→ **ABOUT THIS TASK**
Reproduce exactly the lines from the one containing "Una donna passeggero" through the end of the listing, minus the pictures.

→ **SUPPLIED MATERIAL**
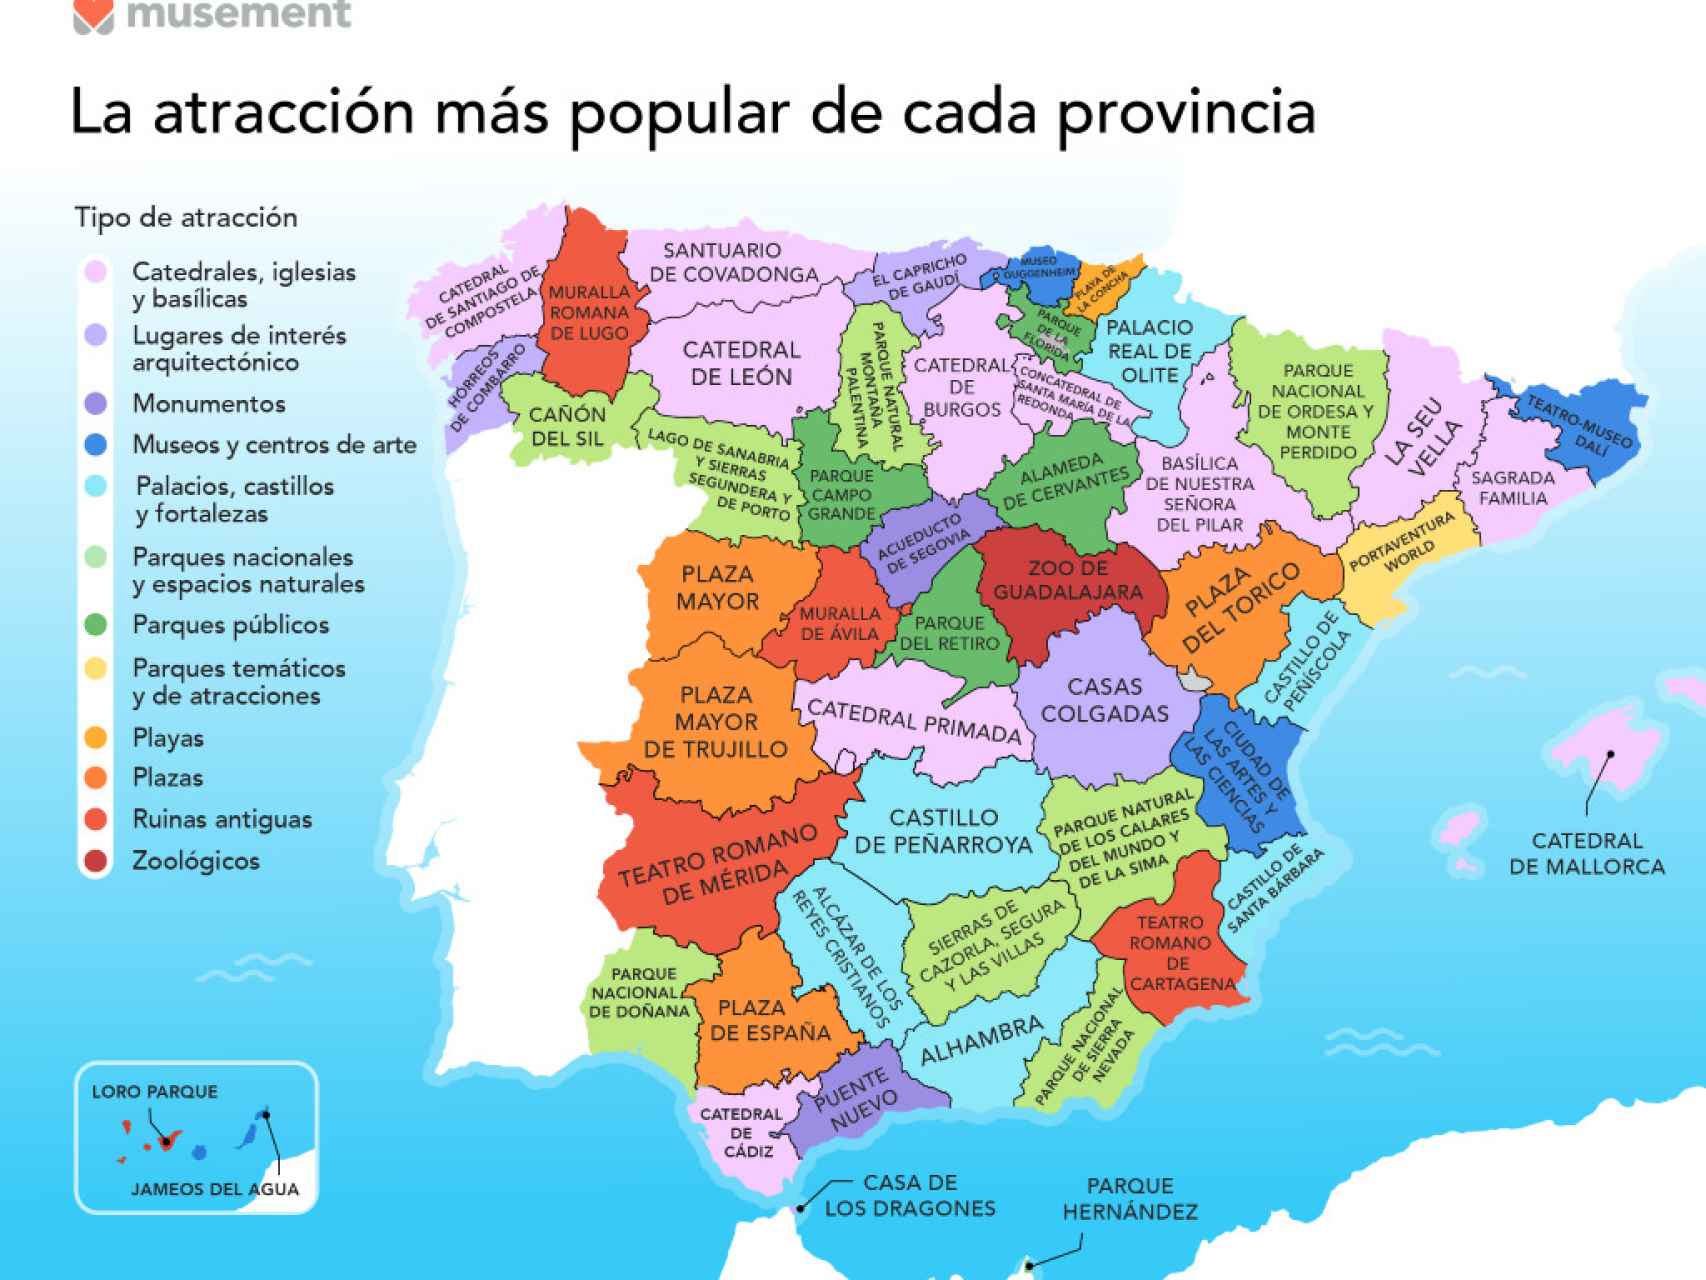 Las atracciones y monumentos más populares de cada provincia de España
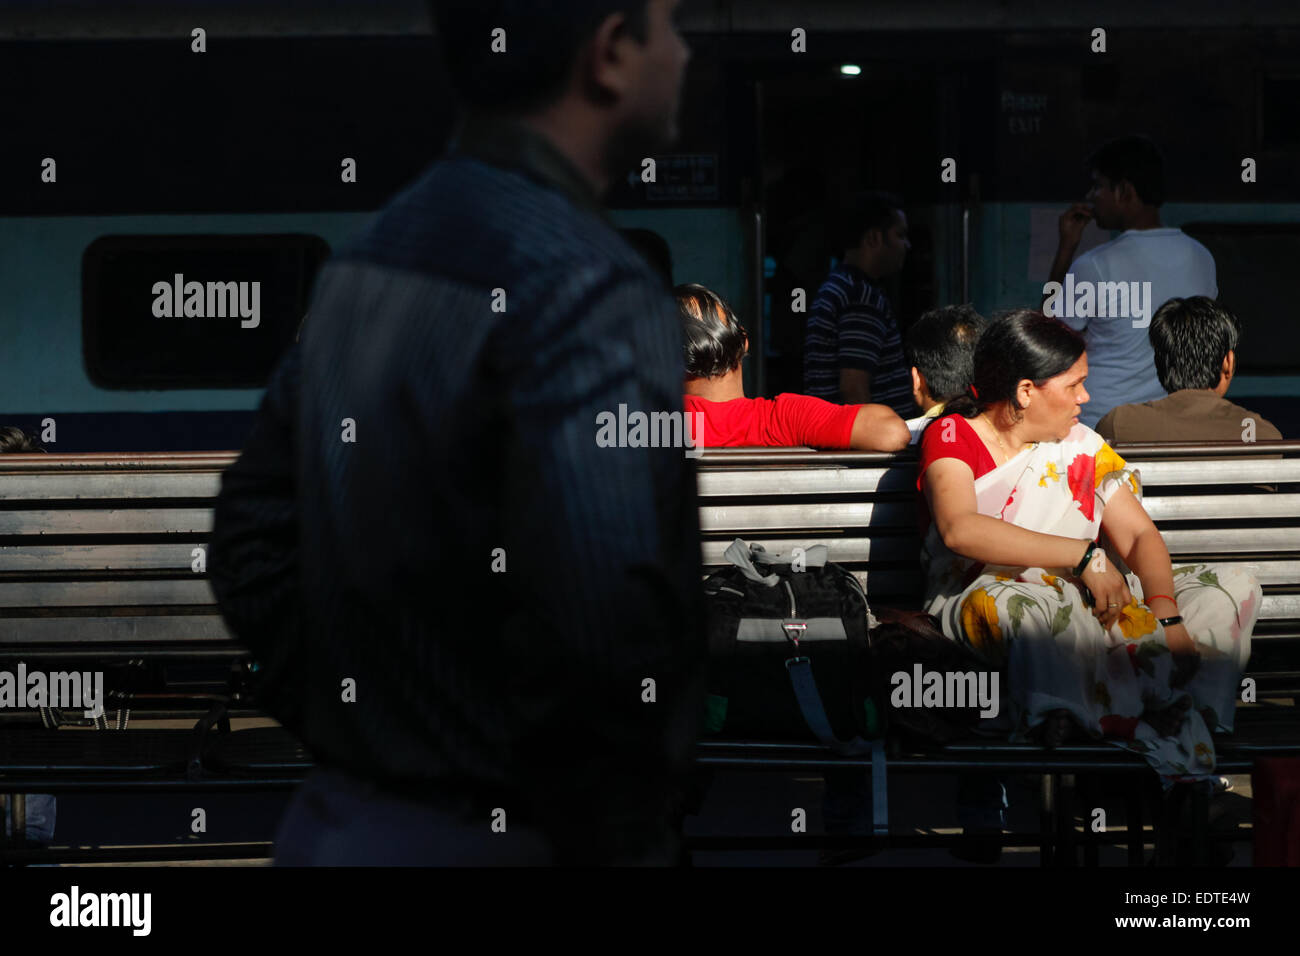 Una donna passeggero è in attesa per l'orario di partenza come lei è seduta su una panchina sulla piattaforma passeggeri a Nuova Delhi Stazione ferroviaria a Delhi, India. Foto Stock
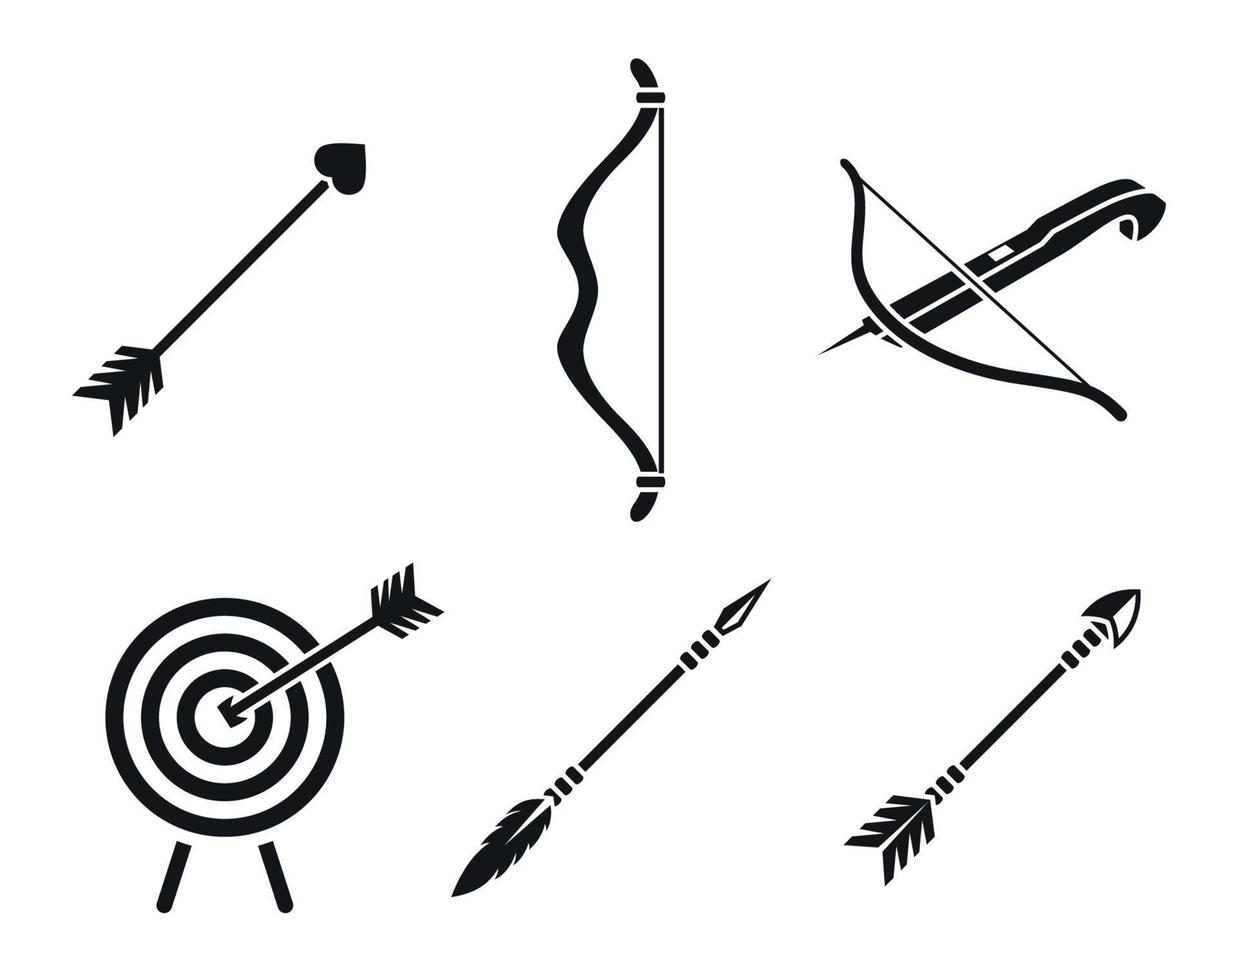 símbolos de ícones de arco e flecha, fotos em preto sobre fundo branco vetor
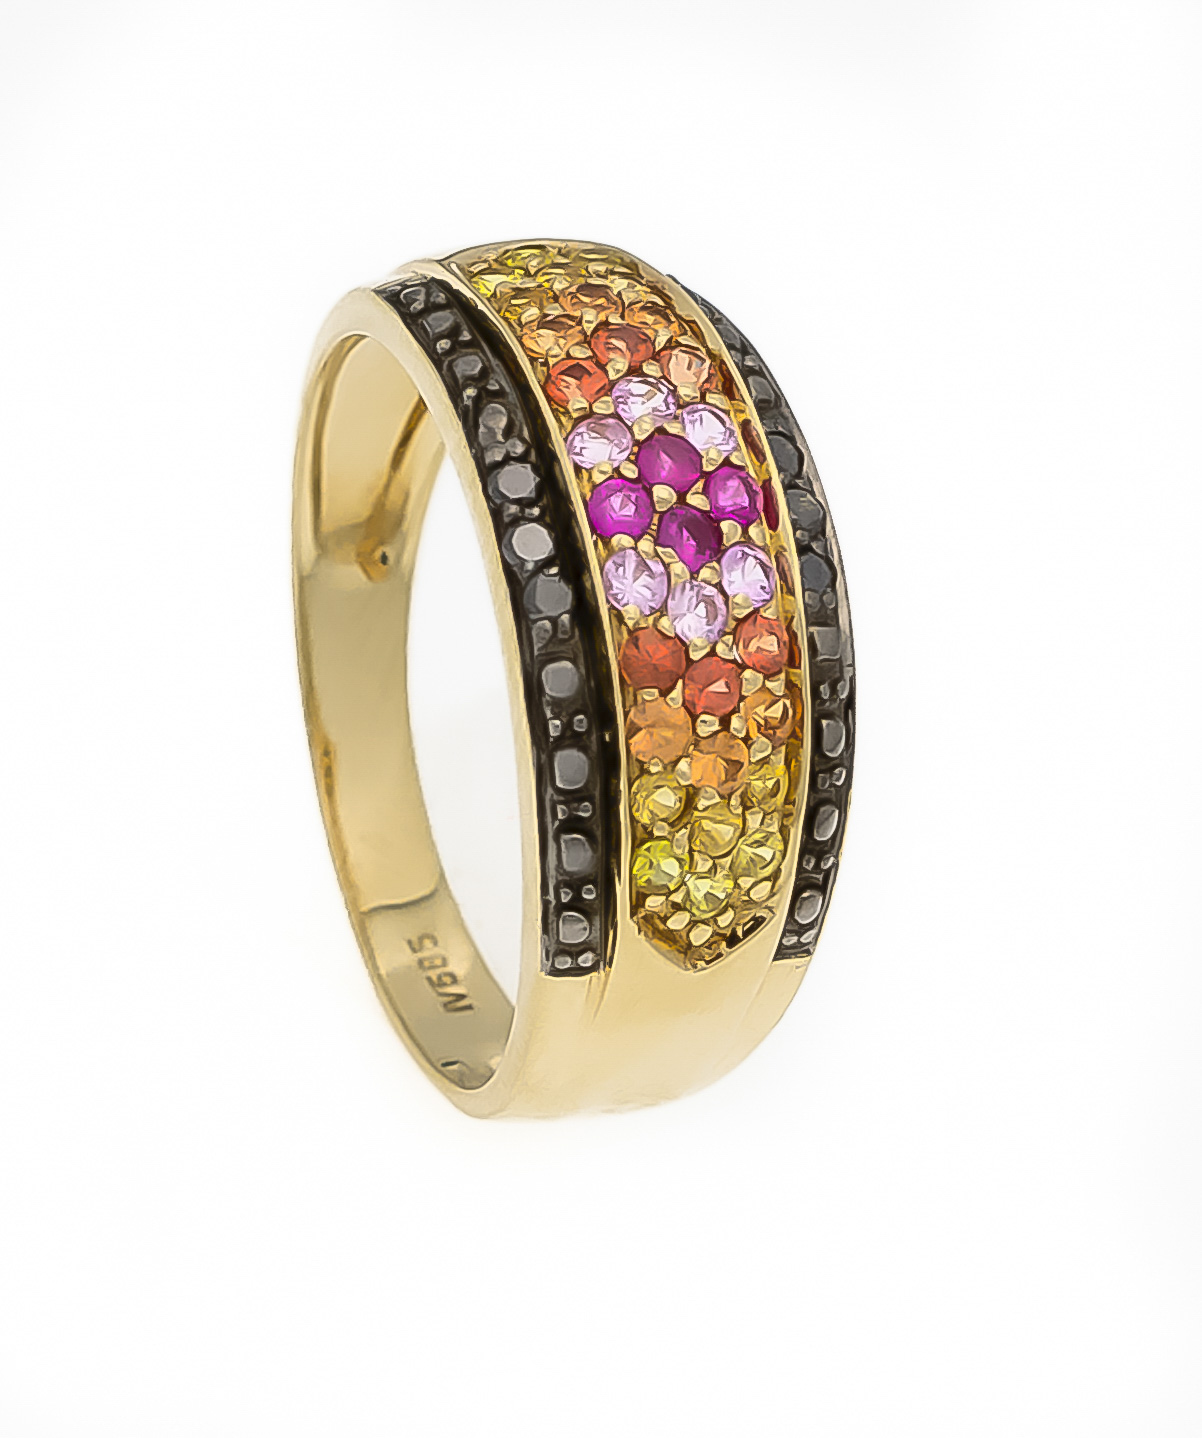 Multicolor-Saphir-Ring GG 585/000 mit rund fac., pinken, orangen und gelben Saphiren 1,8mm in sehr

→ **OUTPUT OF THE TASK**
 Una donna passeggero è in attesa per l'orario di partenza come lei è seduta su una panchina sulla piattaforma passeggeri a Nuova Delhi Stazione ferroviaria a Delhi, India. Foto Stock
 símbolos de ícones de arco e flecha, fotos em preto sobre fundo branco vetor
 Multicolor-Saphir-Ring GG 585/000 mit rund fac., pinken, orangen und gelben Saphiren 1,8mm in sehr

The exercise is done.